We faintly hear Ella’s response as Auntie Joyce shuts the window and rises from her seat.
She’s much shorter than I expected, no more than five foot four. Her housecoat almost touches the floor. She shakes it off her shoulders, leaving her in a lightweight sweater and linen pants.
Micah offers the crook of his elbow to her and she takes it, using him as support at the front door when she slips on her comfortable shoes.
We walk through the neighborhood, Auntie Joyce regaling us with stories about the generations of Gatens that have come up in this town. She points out the houses of several of her relatives along her street. I wonder how Tanya felt about having most of her family within walking distance growing up.
She stops outside of another ranch-style home, this one made of brown brick with a table and two chairs on the porch.
“I know this place,” I say, more to myself than Micah or Auntie Joyce. “Micah, can I see the postcard?”
He pulls out his wallet and hands me the card, which he had folded to fit.
There it is. The exterior is a bit weathered now compared to the photo, but there’s no mistaking that this is the same house from the postcard.
Auntie Joyce leaves Micah’s side to join me. A smile creeps onto her lips. “This place has had two new roofs since this photo was taken.” She walks up the steps and throws the door open without announcing her presence.
I can’t imagine, in this day and age, feeling safe enough to leave your doors unlocked. But I suppose those are the perks of having more Gatens in this town than anyone else.
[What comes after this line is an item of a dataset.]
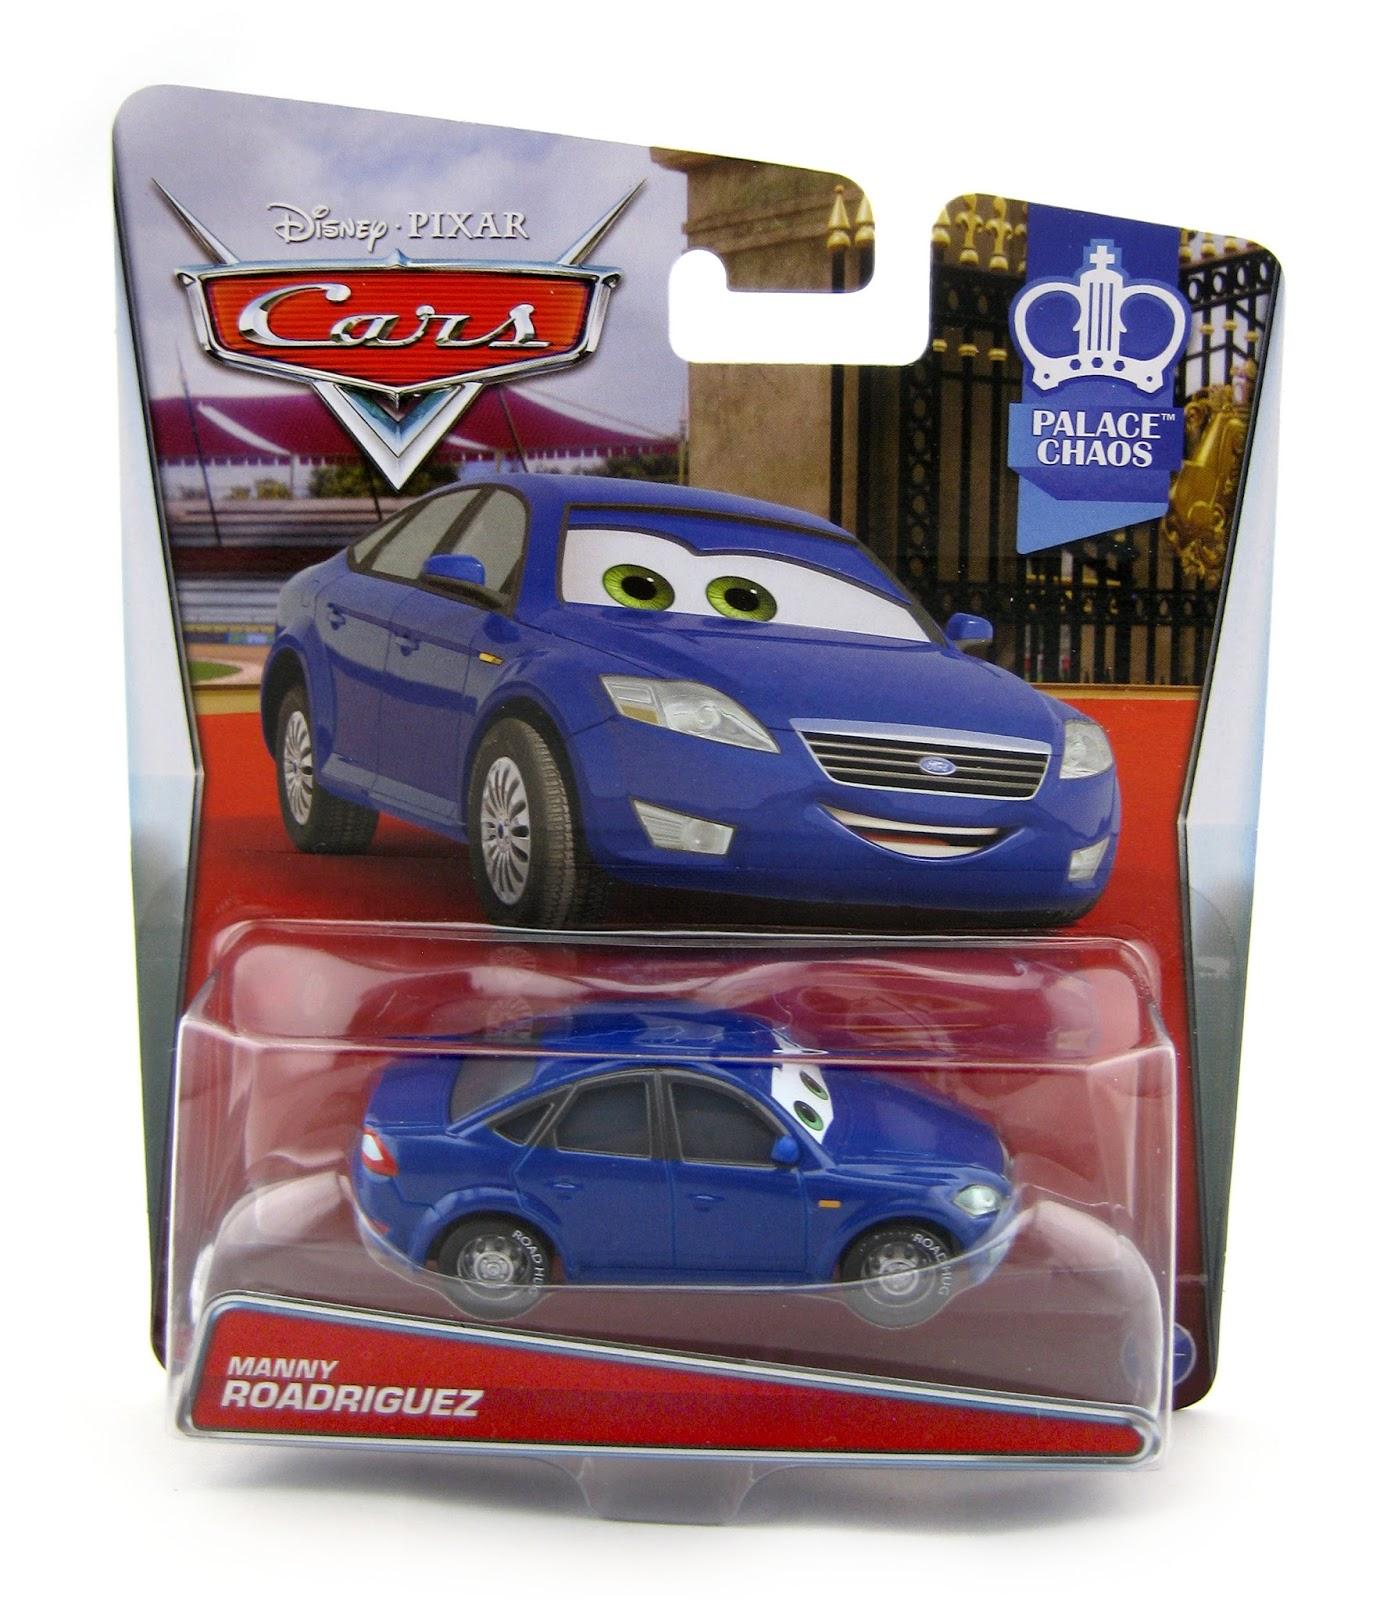 Dan The Pixar Fan: Cars 2: Manny Roadriguez
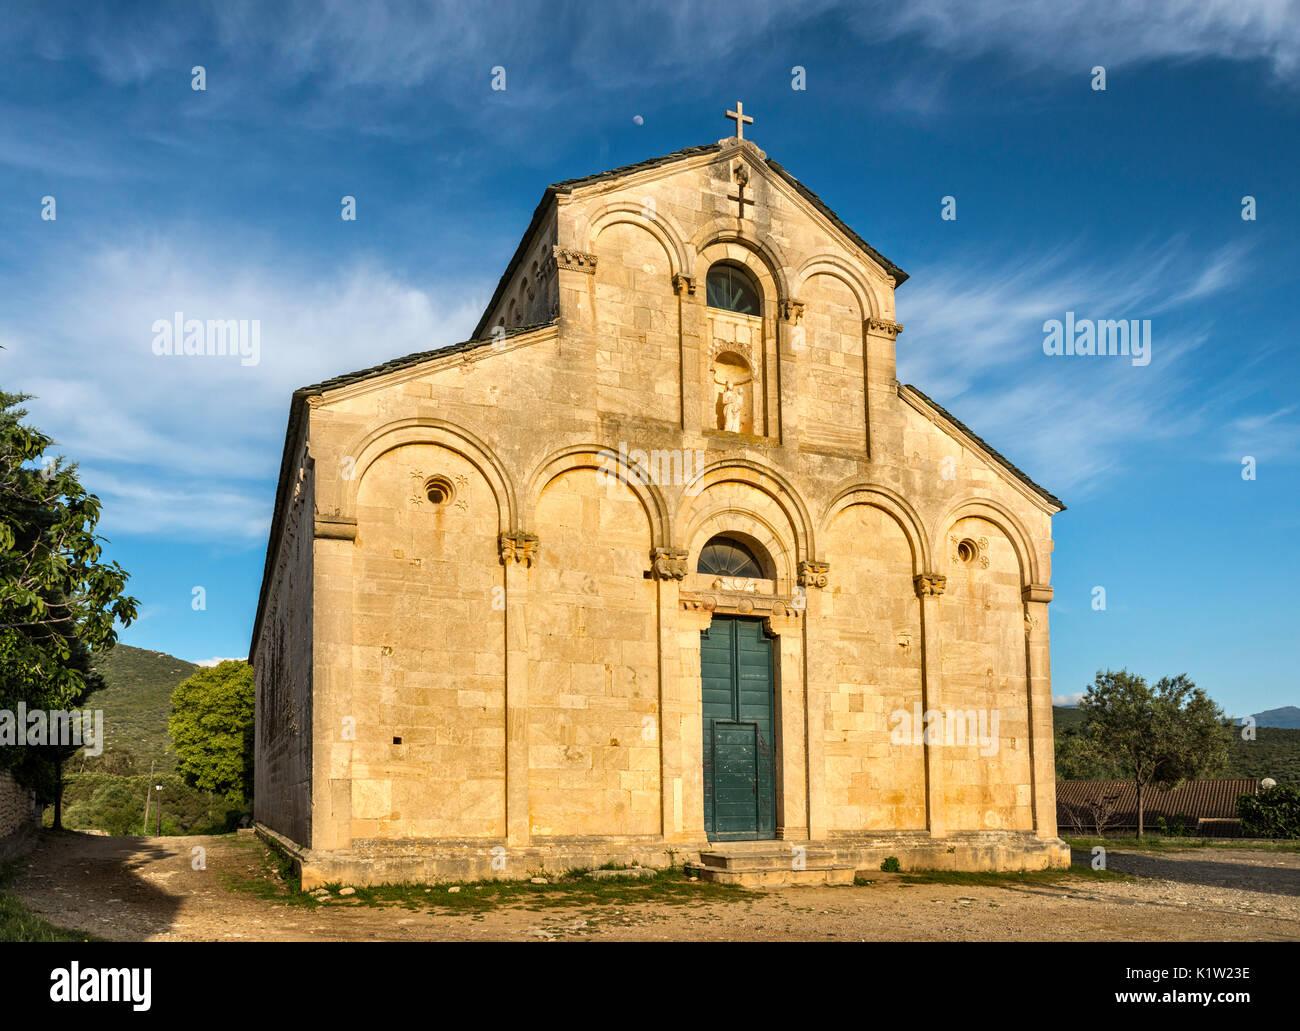 Cathedrale du Nebbio (Santa-Maria-Assunta), Assumption Cathedral, 1140, Romanesque style, in Saint-Florent,  Corsica, France - Stock Image

“John! Dee!” she yells into the ether.
A screaming toddler runs toward us, a clean diaper mushed between her fingers. A man with reddish-brown skin, no shirt, and black shorts runs out after her.
“Come here, you stinker!”
The little girl laughs harder as she pushes her little legs as fast as they can go. He catches her before she makes it to wherever she decided the goalpost was.
“Gotcha!” He blows a raspberry into her belly, her giggles echoing throughout the house. “Hey, Auntie. What’s up?”
“She stage a prison break again?” Auntie Joyce says, tickling the toddler’s foot.
“I think I’m gonna have to start handcuffing her to the changing table.” He looks behind Auntie Joyce with a raised eyebrow at Micah and me. “Everything good?”
Auntie Joyce introduces us to John Gaten, one of her great-nephews. This is the house Tanya grew up in, but now John lives here with his wife, Dee, and their three kids. Apparently, this is the Gaten way. Homes don’t go up for sale, they simply pass around ownership through the generations.
“I never thought I’d meet anybody from Tanya’s other life,” he says in awe.
Tanya’s worlds are colliding, and though she kept us apart in life, I think she’d be happy to see us finally coming together.
“Dee’s at work and the other kids are at daycare, but you’ll meet them later, I hope.”
He takes us on a tour of the house, and my imagination runs wild thinking of how the house looked when Tanya lived here.
John opens the door to one of the bedrooms where toys cover every inch of the floor and even the two beds on both sides of the room.
“Was this Tanya’s room?” I ask.
“I don’t really remember. I think it was Andrew’s room, though,” John responds.
“Who’s Andrew?” Micah asks, stealing the words out of my mouth.
Auntie Joyce and John look between each other. Auntie Joyce is the one to rip off the Band-Aid. “He was Tanya’s twin brother.”
My heart sinks.
Twin brother.
Since when did Tanya have a twin brother? Stupid question, because the answer is since birth, but it’s unfathomable. I assumed she had at least one sibling. She always said kids, plural, when she talked about her mom. But because she never said anything else about them, I always assumed they were estranged. I didn’t realize she shared a womb with said sibling and that he died.